开发者 https://www.devze.com 2023-01-08 05:27 出处:网络
In specific I am working in linux environment. This is an opengl application. Upon a calculation of certain geometries, I want to be able to fire an event whenever a new geom开发者_运维技巧etry is cre

In specific I am working in linux environment. This is an opengl application. Upon a calculation of certain geometries, I want to be able to fire an event whenever a new geom开发者_运维技巧etry is created. Is there any .NET equivalent of events in C ??

Thanks, Vishnu


With gnome libraries or gtk+ (which is built on top of it)?
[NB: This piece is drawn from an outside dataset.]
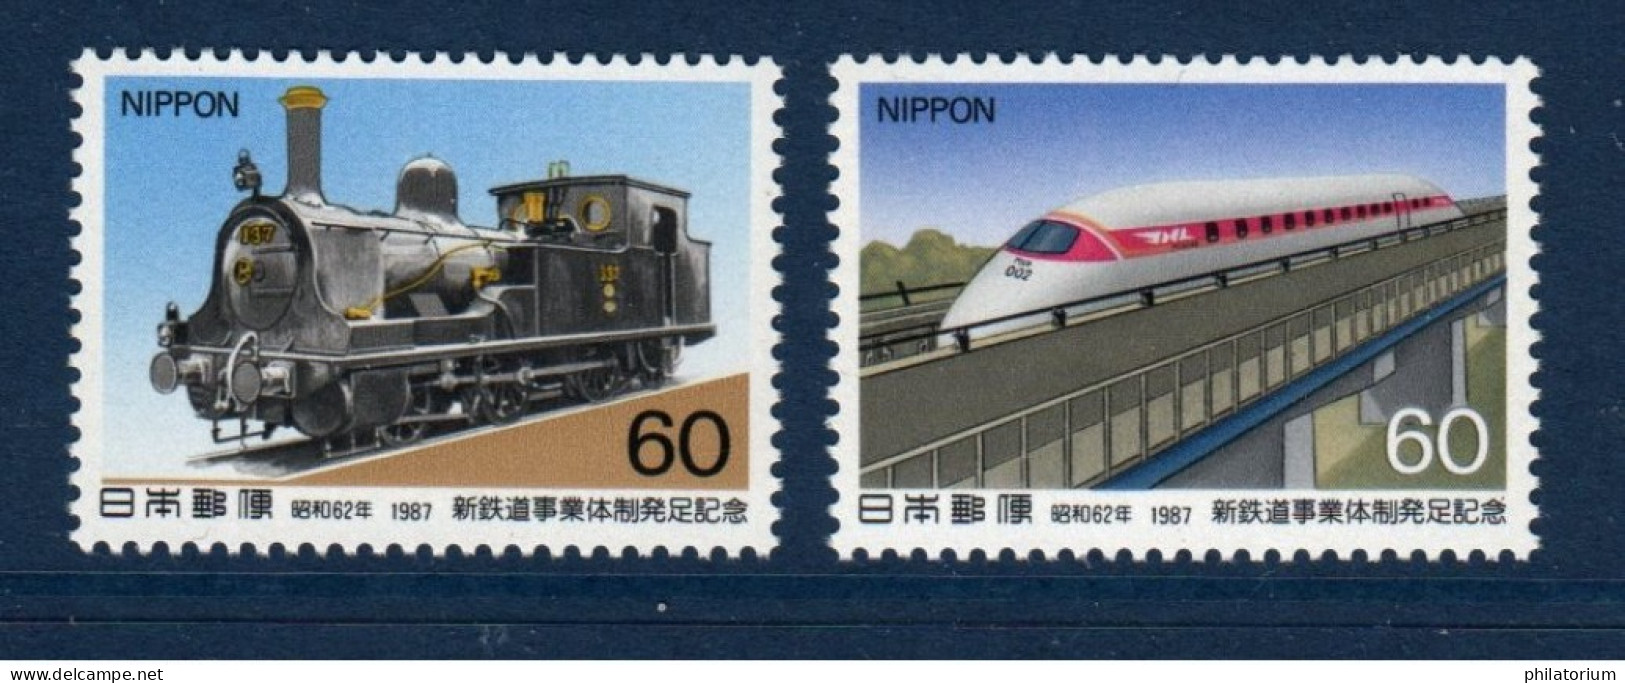 Japan, Japon, **, Yv 1627, 1628, Mi 1731, 1732, Train, - Ongebruikt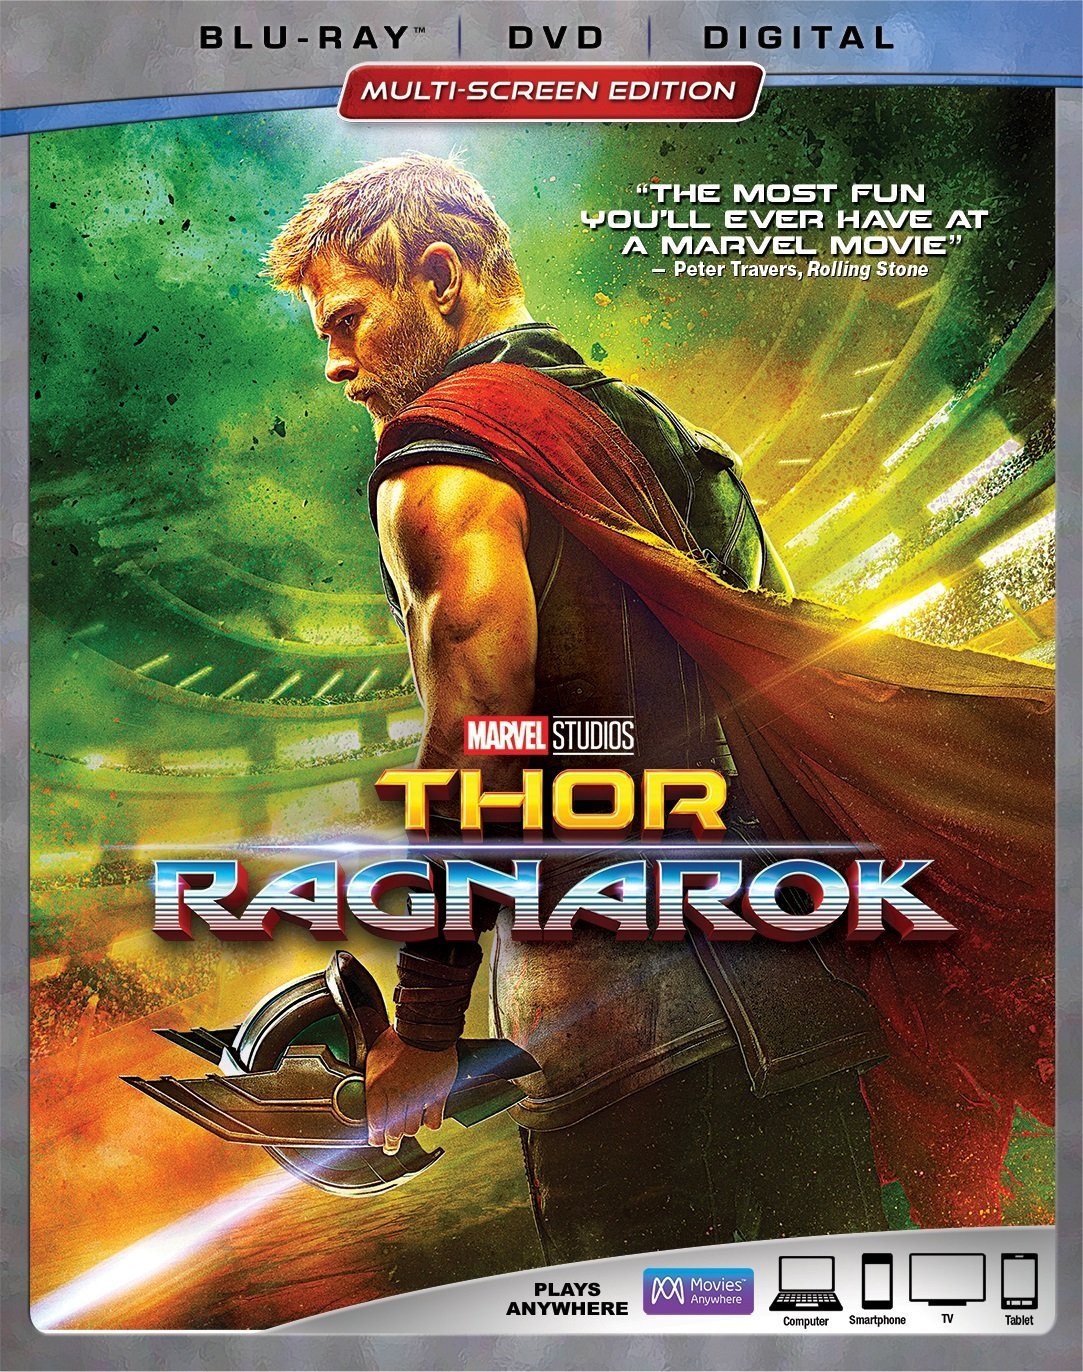 Thor: Ragnarok on Blu-ray

You can do it all yourself with function pointers, but this is the only "standard" C library that I've personally used that standardized events and callbacks. There's probably others out there, too.


Events in C are implemented using function callbacks. The linked question has a couple answers that address how to code callbacks.


To translate from .NET land:

An "event" is simply the calling of a function. To make this configurable, you need to give the thing that generates the "event" a function pointer. The function pointer is called, and is the thing that is "done" when the "event" occurs.

A thing to "do" is a function in C and C++.

If you only want to "do" one thing upon an "event". You'd pass in a pointer to your function, which is the thing you want to "do" upon your "event" as a function pointer to the thing that causes the "event." This is called a callback. Other posts have lots of examples on how this works.

If you need to "do" multiple things on an "event", you'll need to use a signal/slot implementation like boost::signal. Or if OpenGL has something similar, I'd use that. In that case, you have multiple callbacks.


Though I can't say I'd really recommend using them, a possible alternative to callbacks would be signals.

You can use signal to say how a particular signal should be handled, and raise to send a particular signal. Note, however, that there are serious restrictions on what you can do in a signal handler. Lots of code isn't really written to deal well with signals, and quite a bit of it assumes that almost any signal implies such a serious problem that continued execution after a signal may be problematic.